Yes, that does it, but .save doesn't play well with RefRange (a static assert inside RefRange fails, telling that the produced RefRange-Type is not a ForwardRange).

On 08/26/2012 02:21 PM, David wrote:

> I tried to implement a .save method, which uhm, just
> didn't work together with RefRange (isForwardRange!T succeeded, but
> isForwardRange!(RefRange!T) failed).

What version of dmd? What is the code?

When I add the following lines to the beginning of main() of the program that I have used in my other post, they both pass:

    static assert(isForwardRange!TestRange);
    static assert(isForwardRange!(RefRange!TestRange));

Ali

Am 26.08.2012 23:33, schrieb Ali Çehreli:
> On 08/26/2012 02:21 PM, David wrote:
>
>  > I tried to implement a .save method, which uhm, just
>  > didn't work together with RefRange (isForwardRange!T succeeded, but
>  > isForwardRange!(RefRange!T) failed).
>
> What version of dmd?

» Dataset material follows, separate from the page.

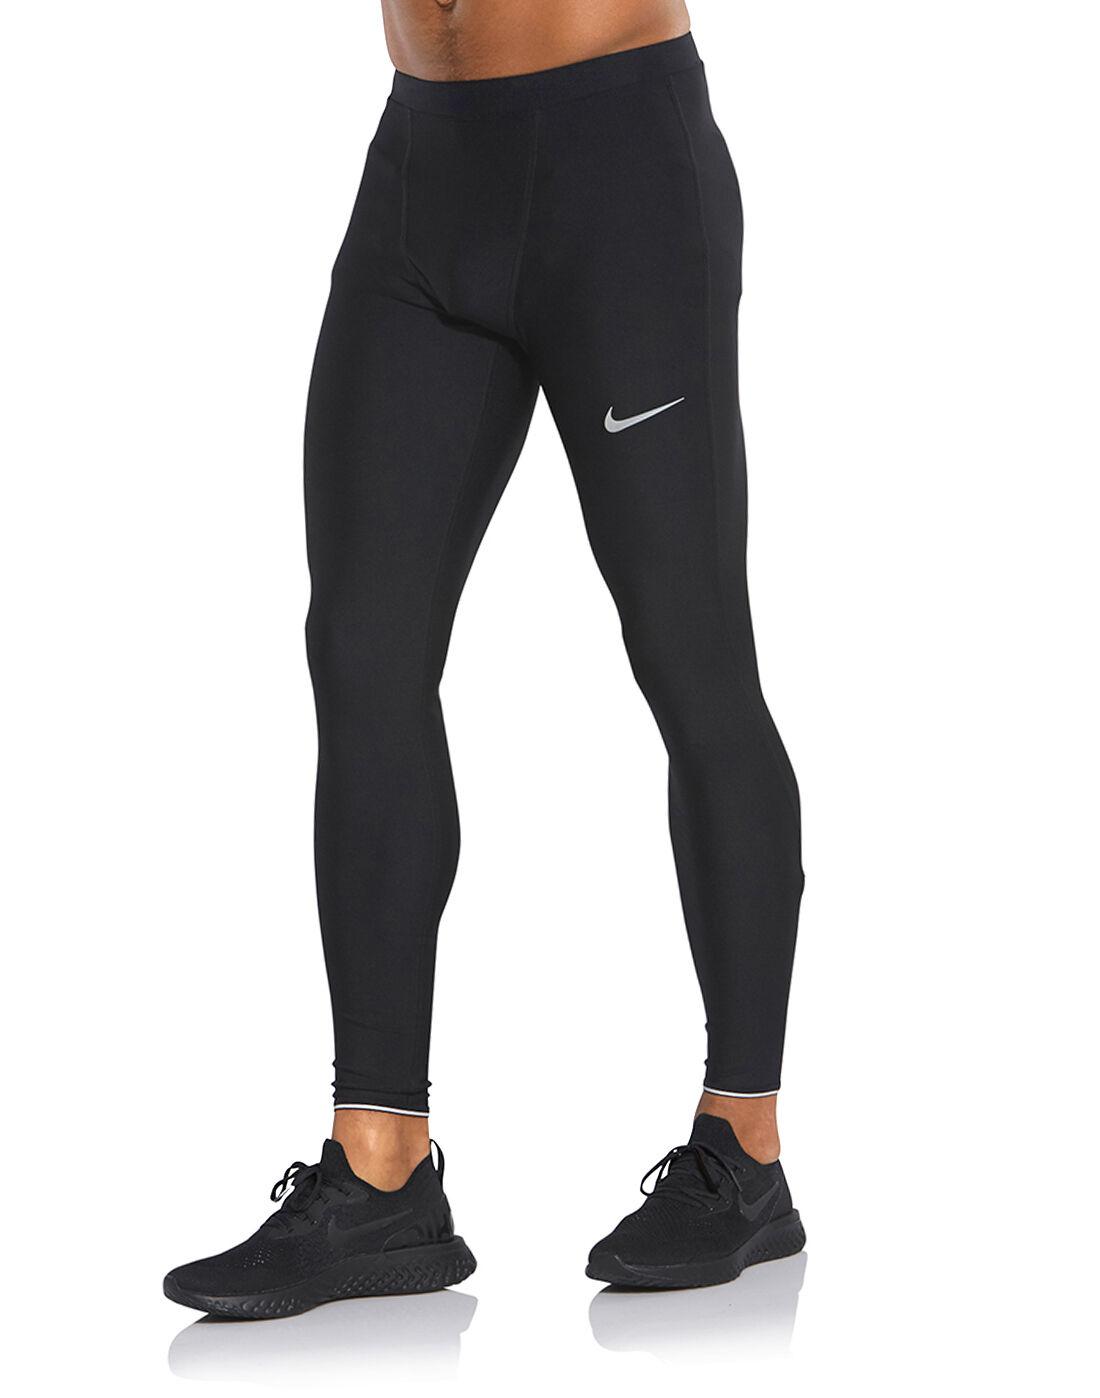 Men's Black Nike Running Tights | Life

What is the code?
>
> When I add the following lines to the beginning of main() of the program
> that I have used in my other post, they both pass:
>
>      static assert(isForwardRange!TestRange);
>      static assert(isForwardRange!(RefRange!TestRange));
>
> Ali
>

DMD 2.059 and: https://github.com/Dav1dde/BraLa/blob/7440688038bfd50a06fd9a49b8e9b6d08c7b4c28/brala/utils/queue.d

But I don't care anylonger, I rewrote the whole Queue class (now it's a "real" queue, e.g. you can wait until all items are used up, with core.sync.condtion), I also don't feel like wasting more time in ranges, when I don't need them.

Sorry, dmd 2.060